* Activity *
Without including any images, please transcribe all the lines below exactly.

-- Exercise data follows --

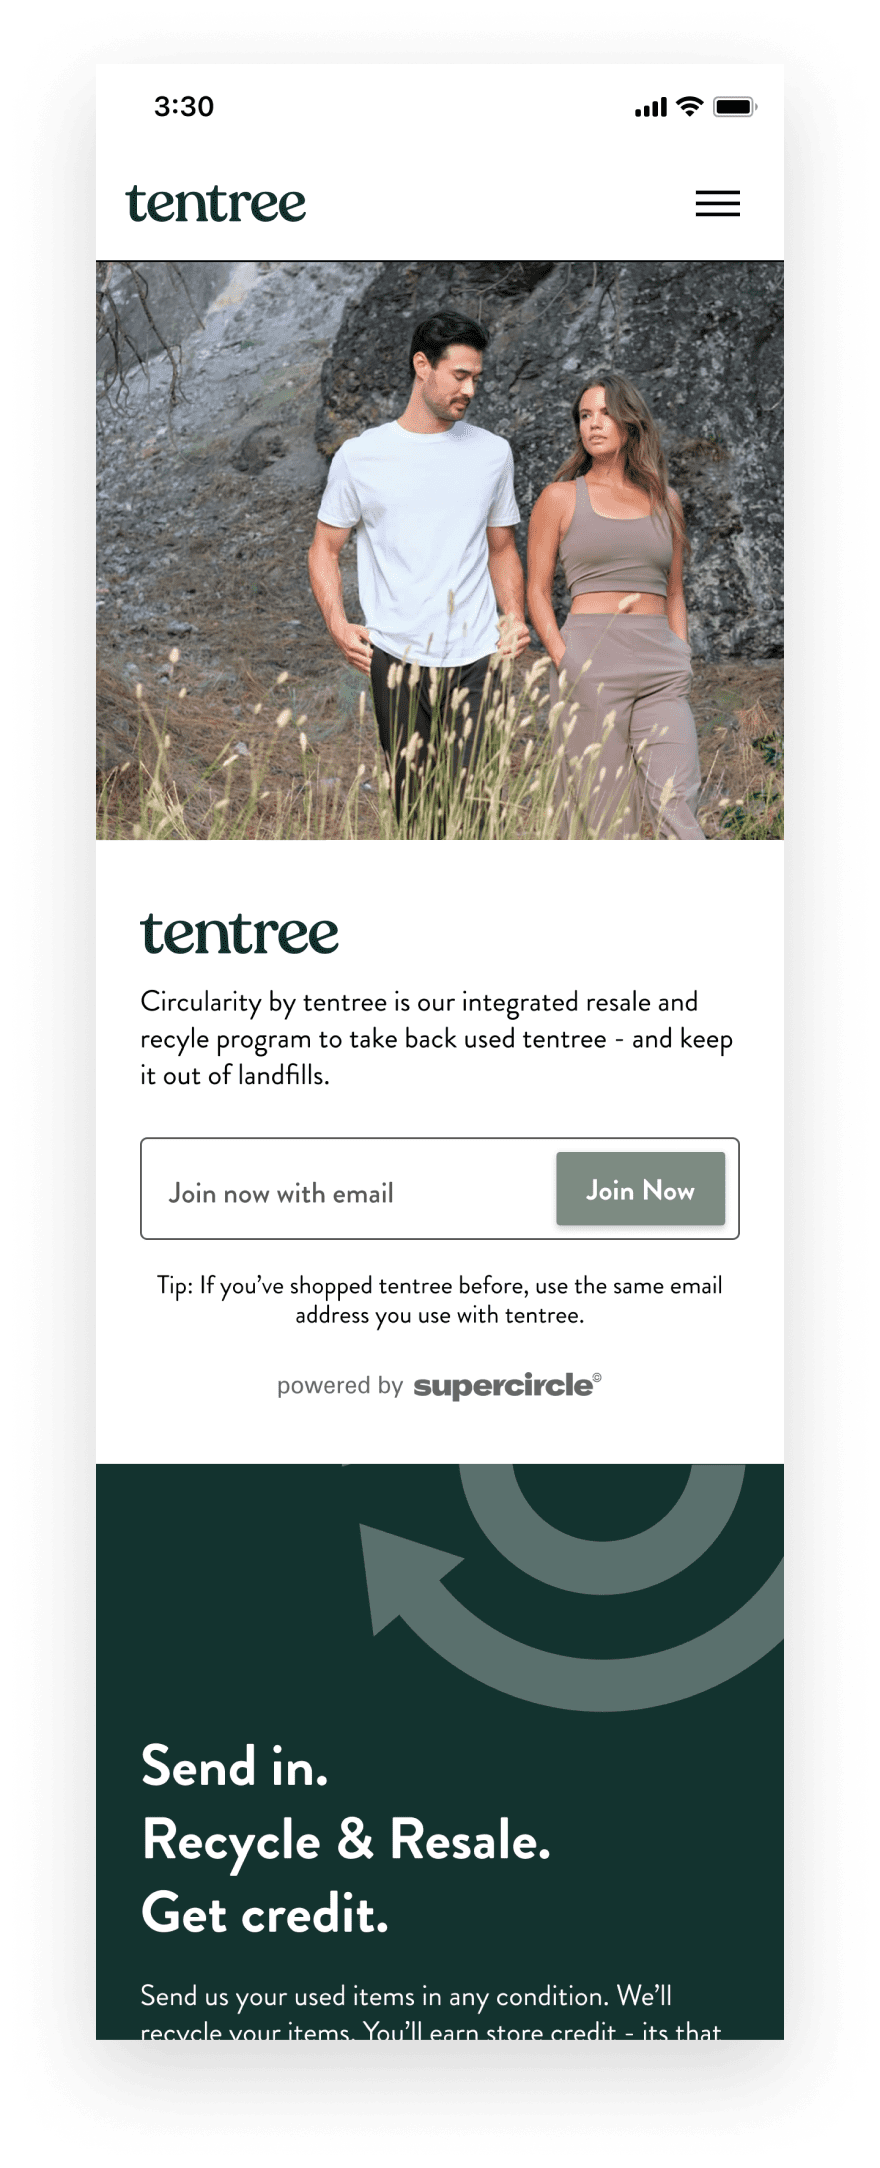 Tentree white label recycling experience for customers.
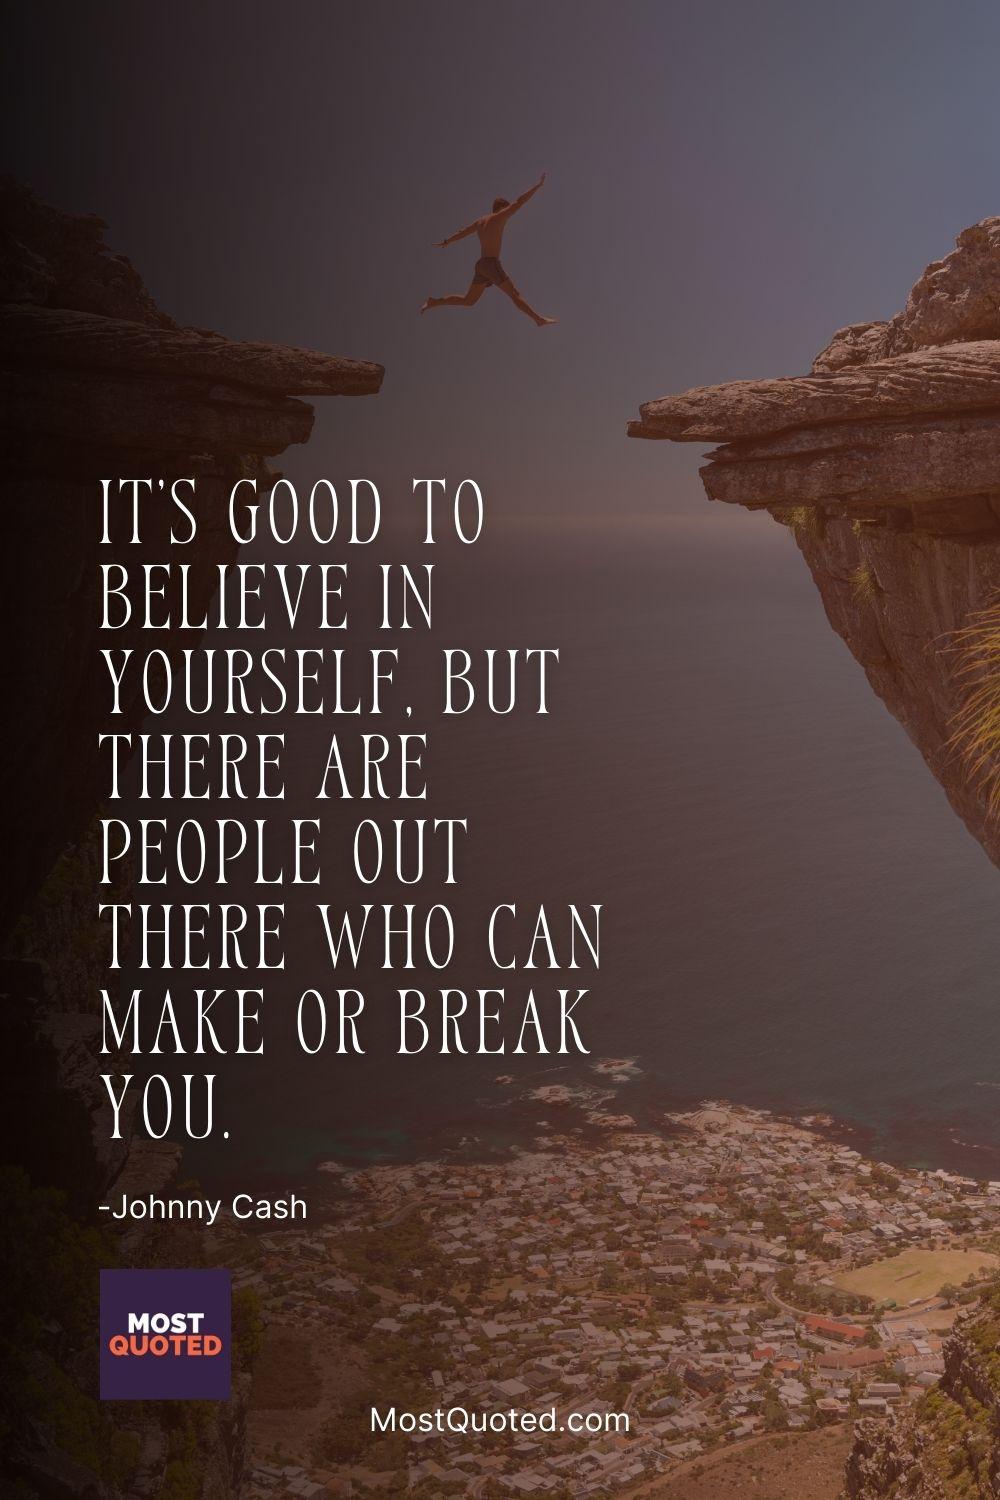 It's good to believe in yourself, but there are people out there who can make or break you. - Johnny Cash
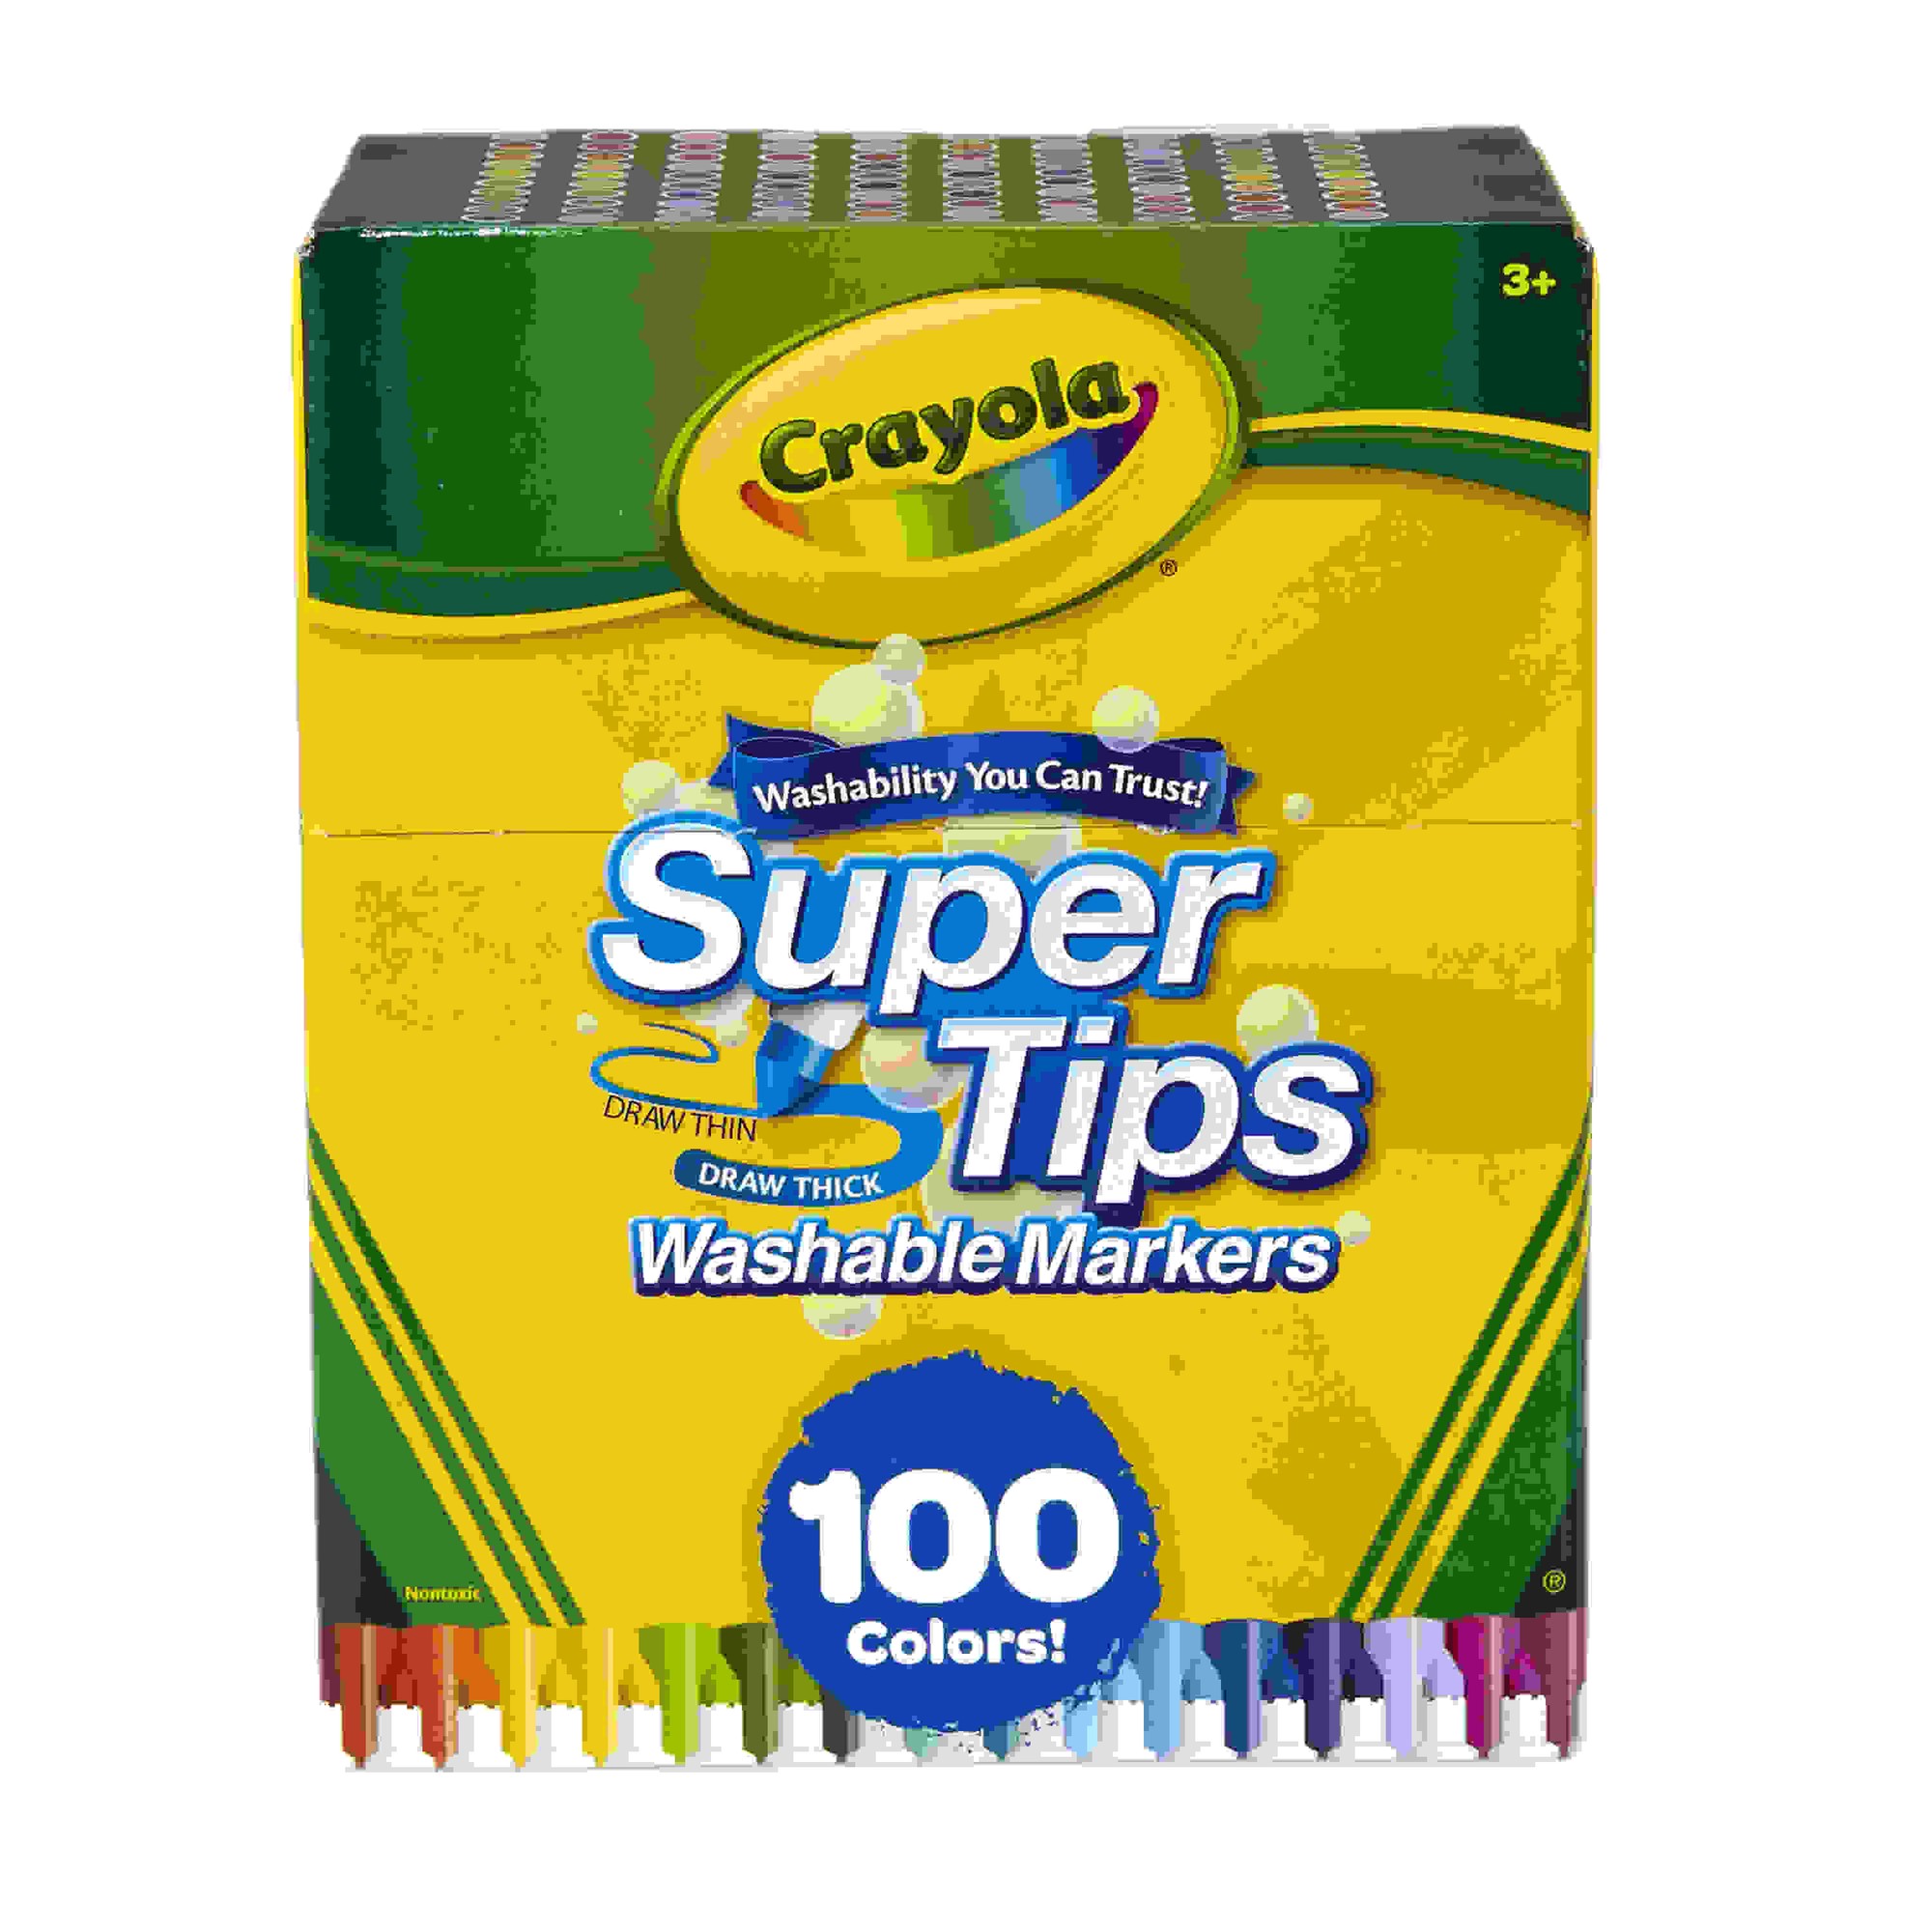 Washable Super Tips Markers, Pack of 100

-- Exercise data concluded --

* Solution for this problem *
 Tentree white label recycling experience for customers.
 It's good to believe in yourself, but there are people out there who can make or break you. - Johnny Cash
 Washable Super Tips Markers, Pack of 100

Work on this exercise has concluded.